Machines similar or identical to the ones that failed on Election Night in Florida, and the ones that Tom Feeney (who is now a U.S. Congressman) allegedly attempted to arrange vote-stealing software for, would be deployed across the entire country thanks to the Help America Vote Act (HAVA) of 2002, legislation created by felonious Republican Rep. Bob Ney of Ohio and other jailed cronies, in purported reaction to the 2000 debacle.

Hacking Democracy's Cohen pointed out to me that when they first went to HBO with their documentary, they were told the cable behemoth stayed away from political films. But that was, perhaps, 20 or 30 Bush approval points ago.

While we're tens of thousands of dead bodies later, there will never be the apologies due from the Republicans (including those on the U.S. Supreme Court) who tragically put party and power over country in Florida in 2000, and the Democrats who allowed it to happen.
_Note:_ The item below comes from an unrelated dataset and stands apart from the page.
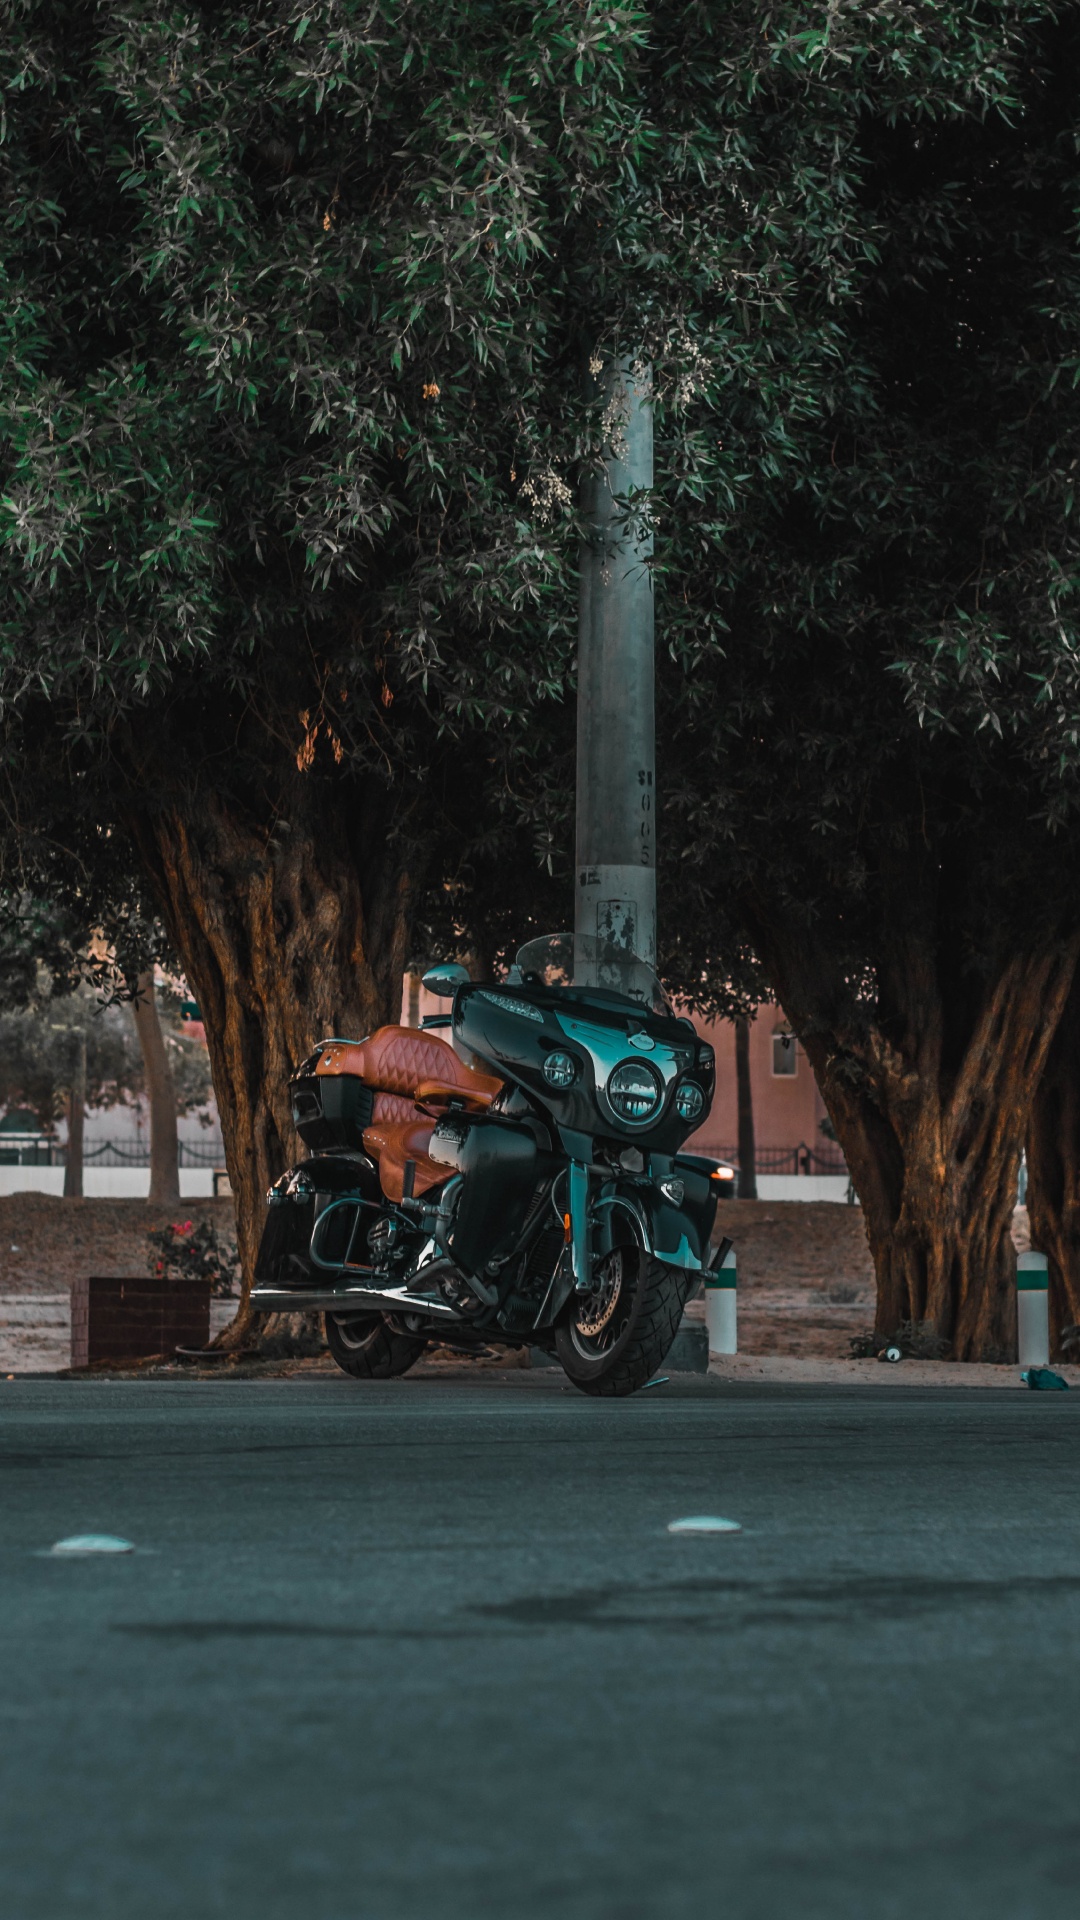 Motocicleta Verde y Negra Estacionada en la Carretera de Hormigón Gris Durante el Día. Wallpaper in 1080x1920 Resolution

As Kevin Spacey's character Ron Klain, who headed the recount for Gore's team, says tearily into the phone near the end of Recount --- the actor, clearly informed by the 7 years of carnage that have occurred since then --- he "just couldn't get 'em counted, Mr. Vice President."

HBO could not have picked a more tragically appropriate day, Memorial Day, to premiere their new film. It will be airing constantly over the next several days and via OnDemand. Please try to see it, and share it with as many folks, Right, Left and Center, that you possibly can. You owe it to both history and the future. We all do.